The Importance of a Rigid Machine Base

If you have spent some time reviewing the MR-1 content on our website, we hope you have been left with the following impressions when it comes to machining metals:

  1. MR-1 has the rigidity necessary to produce exceptional side wall and floor surface finishes.
  2. MR-1 has the rigidity necessary to repeatedly produce dimensionally accurate parts.
  3. MR-1 has the rigidity necessary to take large roughing cuts (as high as 10.5 cubic inches per minute in aluminum and 2 cubic inches per minute in steel) without failure of the machine or tools.
  4. MR-1 has the rigidity necessary to ensure respectable tool life.

The key term from the list above is the word rigidity. As machine designers, we hold rigidity as the single most important attribute of any metal cutting machine.

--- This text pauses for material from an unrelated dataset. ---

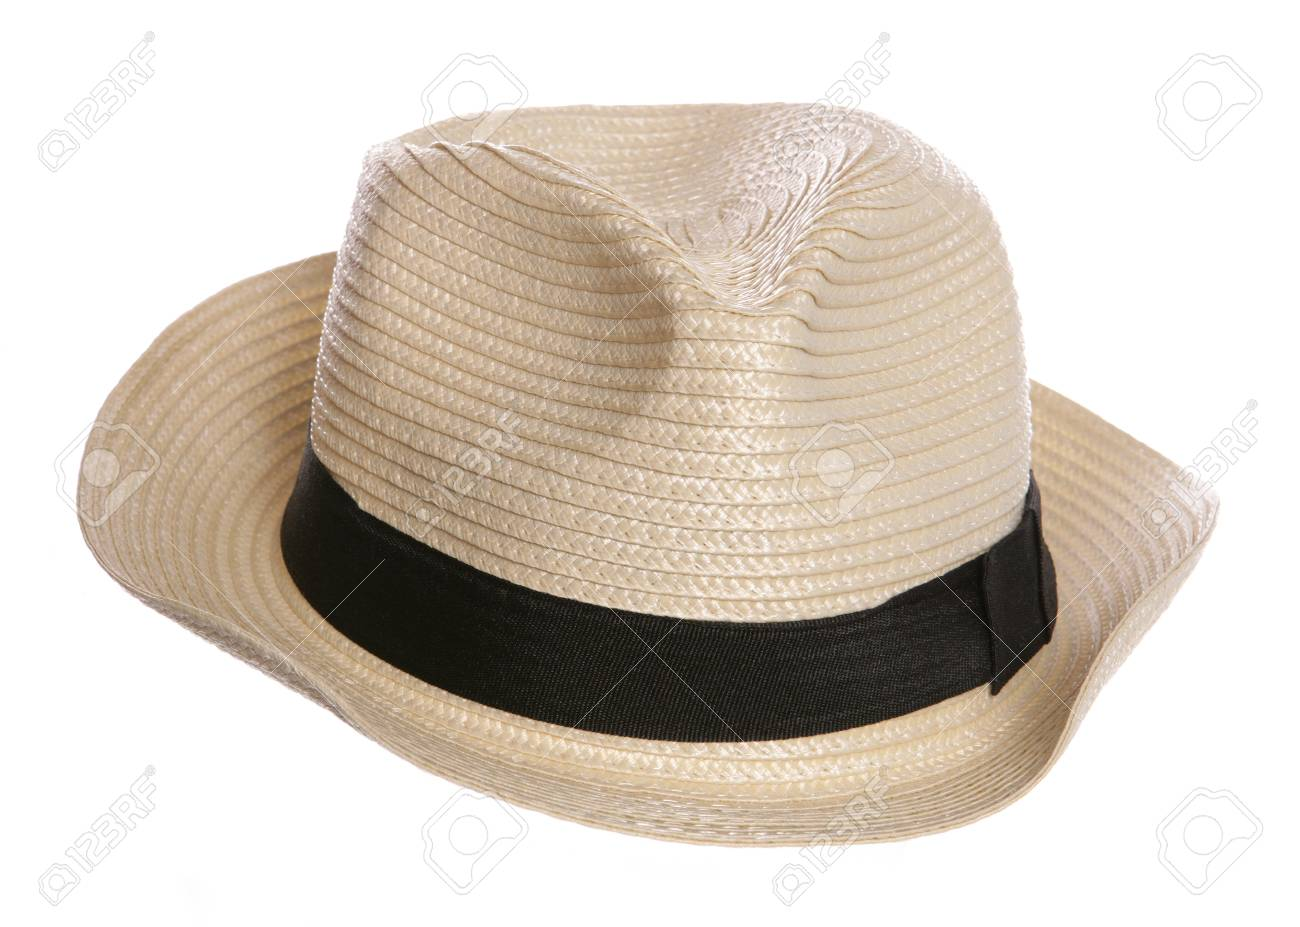 posh old mans hat studio cutout Stock Photo - 20891117 e80ff6a9085

Machine rigidity starts with the base. It is the foundation for the rest of the machine. Without a rigid base, it is impossible for a machine to be rigid because every other component either directly or indirectly is tied to the base (the Y-axis rails, the machine base plate, the gantry beam etc).

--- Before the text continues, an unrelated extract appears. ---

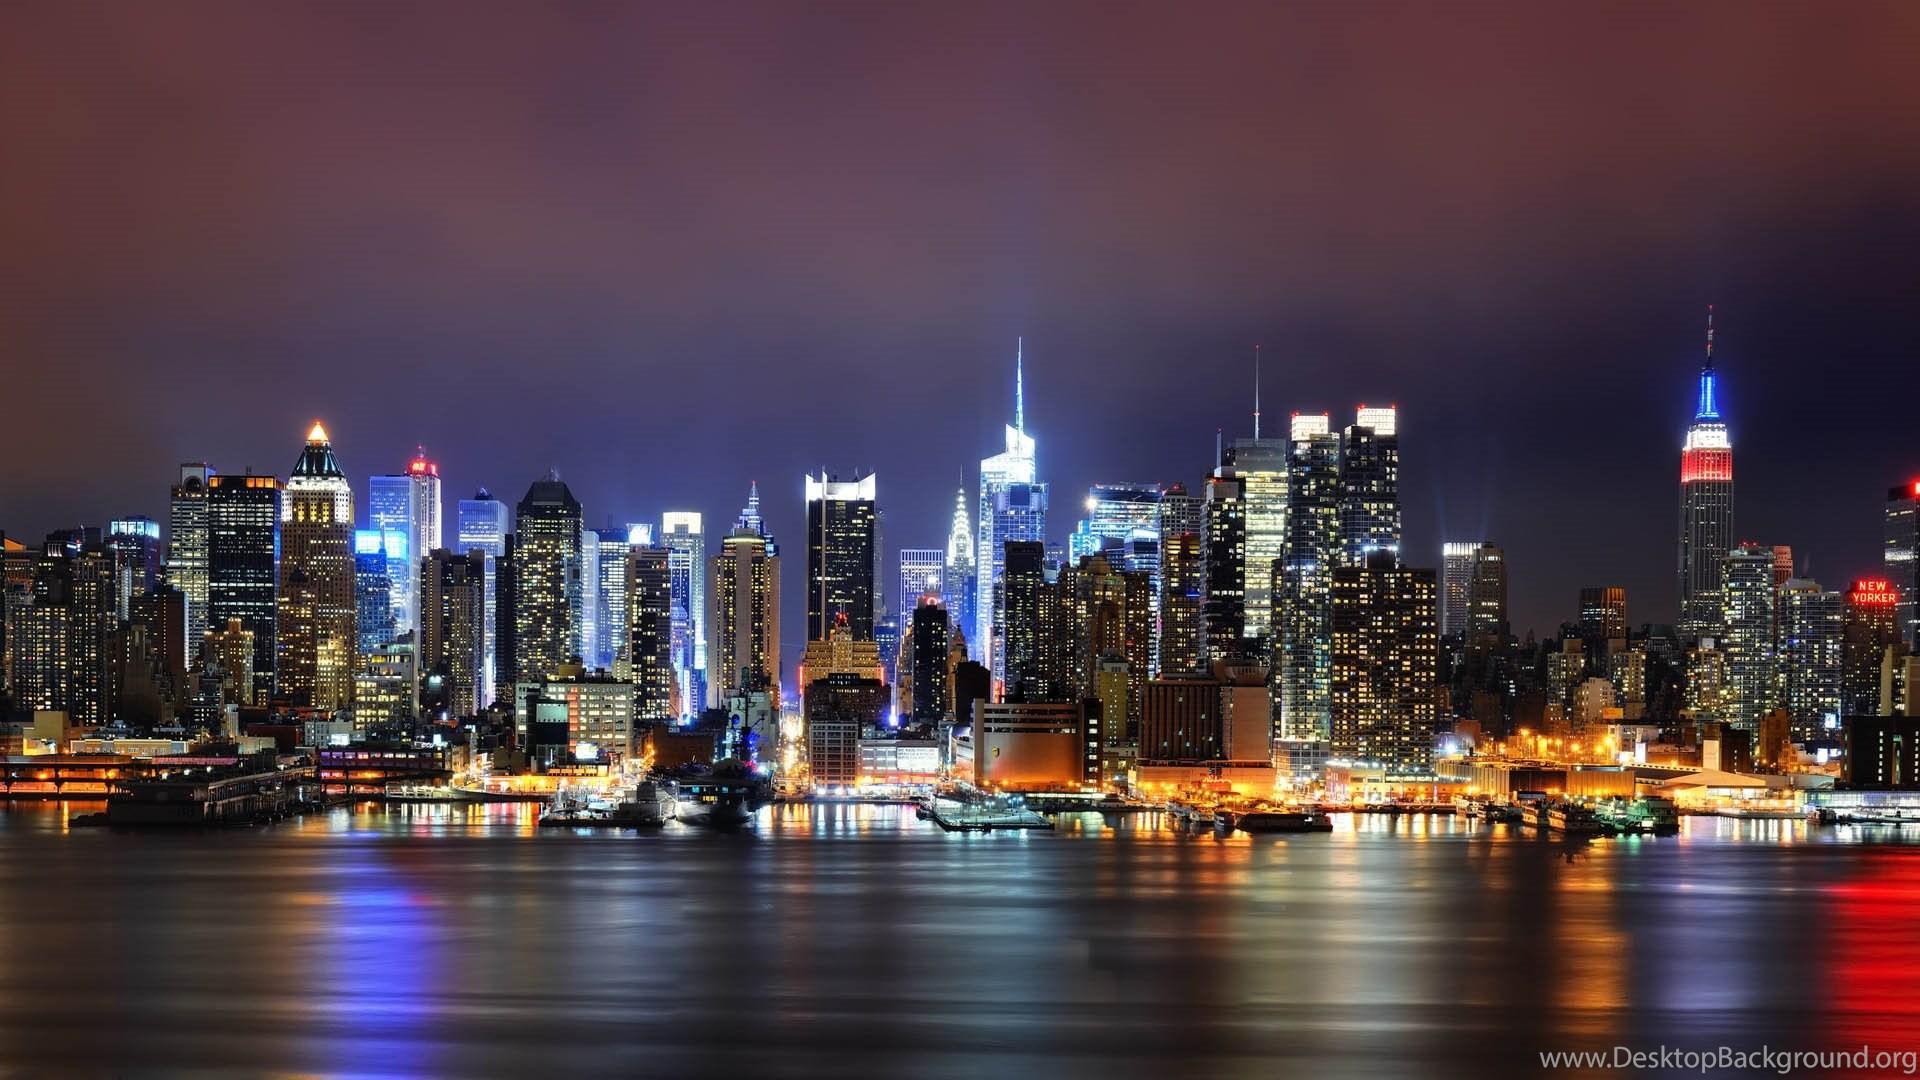 City New York City Desktop Background Wallpaper 1080p Hd Image Desktop Background

The Search for the Ideal Base Material

During the early phases of MR-1 development it was increasingly clear that in order to achieve sufficient rigidity, the base structure would have to be hundreds of pounds in weight to reach the required level of stiffness and mass damping. During initial proof of concept testing we constructed a base from thick steel tubing and plate but found that it did not have sufficient stiffness or sufficient mass damping to be feasible. This lack of stiffness led to unacceptable workpiece vibration, tool chatter, and poor surface finish and accuracy.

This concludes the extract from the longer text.